Basye's Legacy has burst forth with fresh, shiny, bright green foliage and 
should begin throwing buds very soon. Montecito is a mountain of white! All 
those single blooms fluttering in the breeze like a swarm of huge, white 
butterflies. Twilight Mist has popped new bronzy foliage all over the large 
plant. There were nearly a hundred open blooms fluttering in the wind!  What 
a sight! Those colors are impossible to describe, with peach chiffon, cafe au 
lait silk, ivory and lavender pink all appearing in the same clusters.
Autumn was still harder to share. Old gold, crimson veins, buff, purple, 
orange and all the colors of a sunset all in one, intensely fragrant bloom. 
Nellie Mosler clematis is eating the fence! There were easily two dozen huge, 
lavender blooms studded all along its canes. Fedtschenkoana is pushing new 
growth in all directions. The afternoon sun illuminated the new canes and 
prickles like ruby slivers with gray/green and lavender jade cabochons. Its 
smoky Noble fir scented foliage was detectable from many feet away. Flamingo 
is visible from all over the West end of the garden. It's thrown itself into 
the Mexican Elderberry and is popping its huge, brilliant pink, single blooms 
with their maroon stamen and clove fragrance all through the tree.
Nigel Hawthorne boasted nineteen open blooms, while Tigris only held three. 
Neither were easily studied, as Nessie waved her double, pink, incredibly 
fragrant wands through the air like she was swimming against the current. I 
wanted to cut some blooms, but it seemed a sin to mar the yards long canes 
with their large clusters of flowers.
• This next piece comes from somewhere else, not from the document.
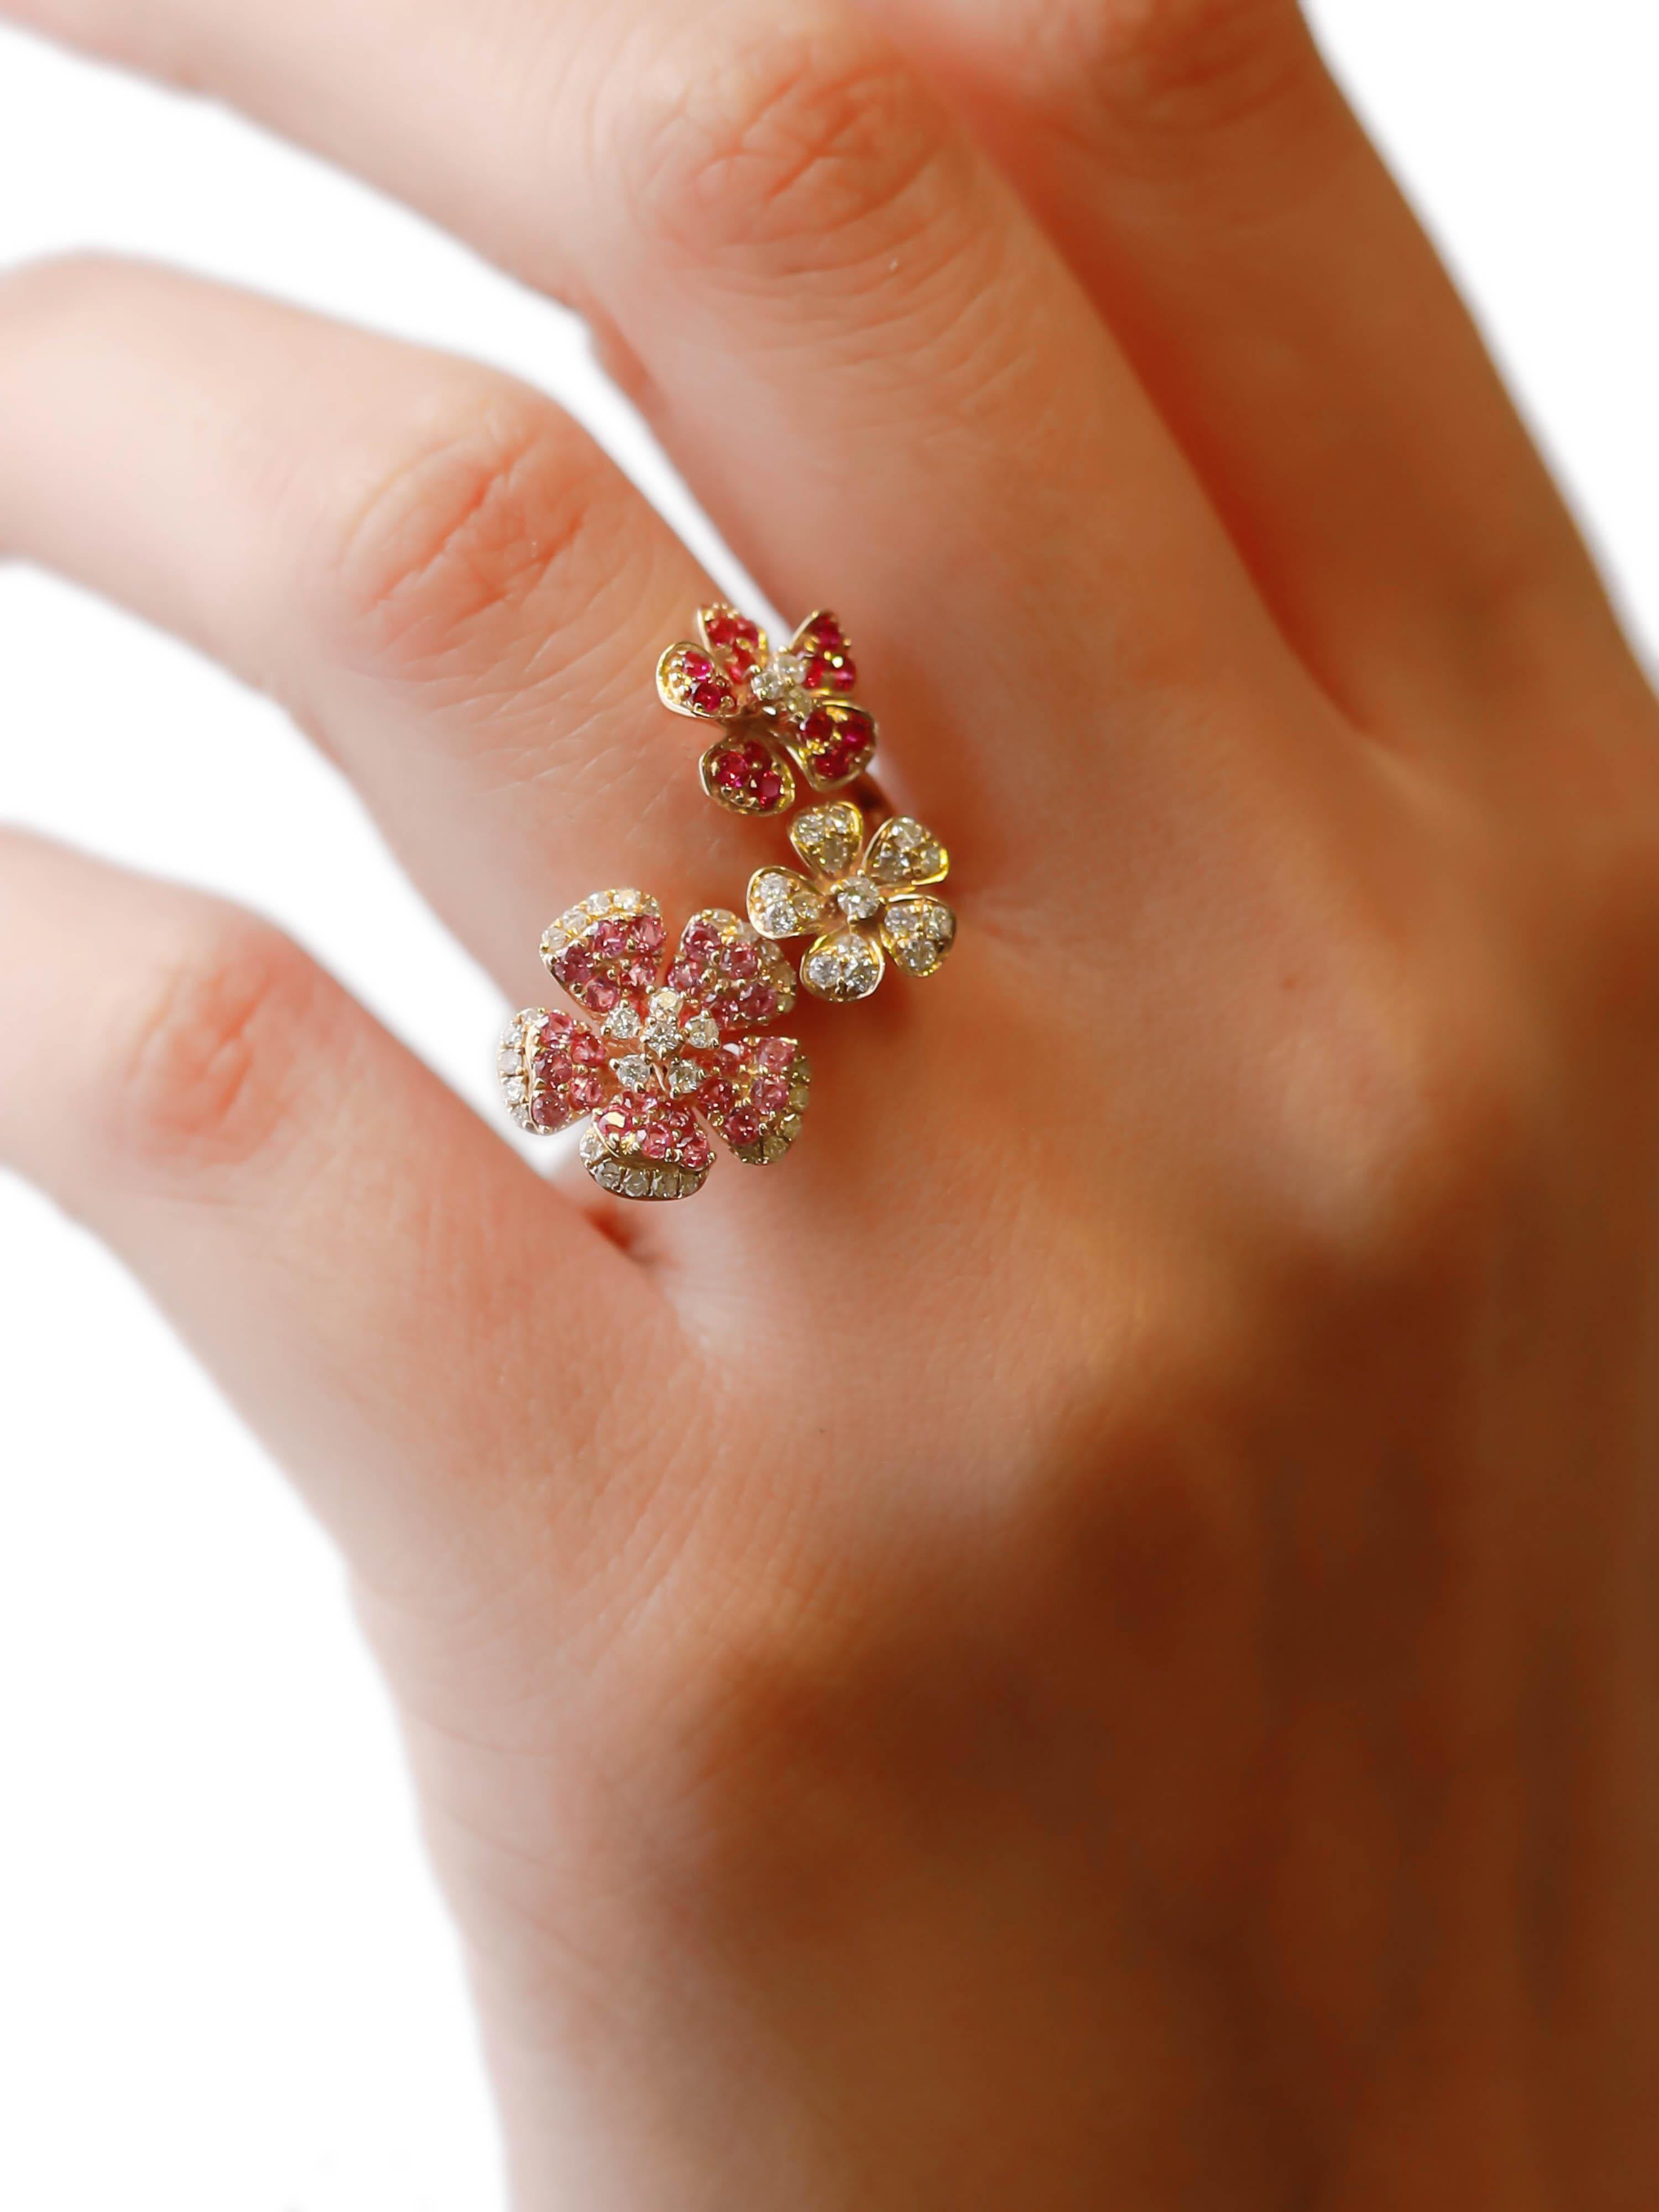 14K Yellow Gold Three Daisy Flower Floral Ring 1.08Ct Pink Sapphire Pave Diamond In Excellent Condition For Sale In New York, NY

Which ones would I have wasted? Too 
difficult to decide, so they remain on the monster plant to perfume the air 
another day. Why is my camera never where the flowers are?
Nearly every plant on the hill is loaded with buds. When these pop, they'll 
hear them for miles! LOL! What a crime to have to work when there is so much 
to expect and so much excitement coming so close, in the garden!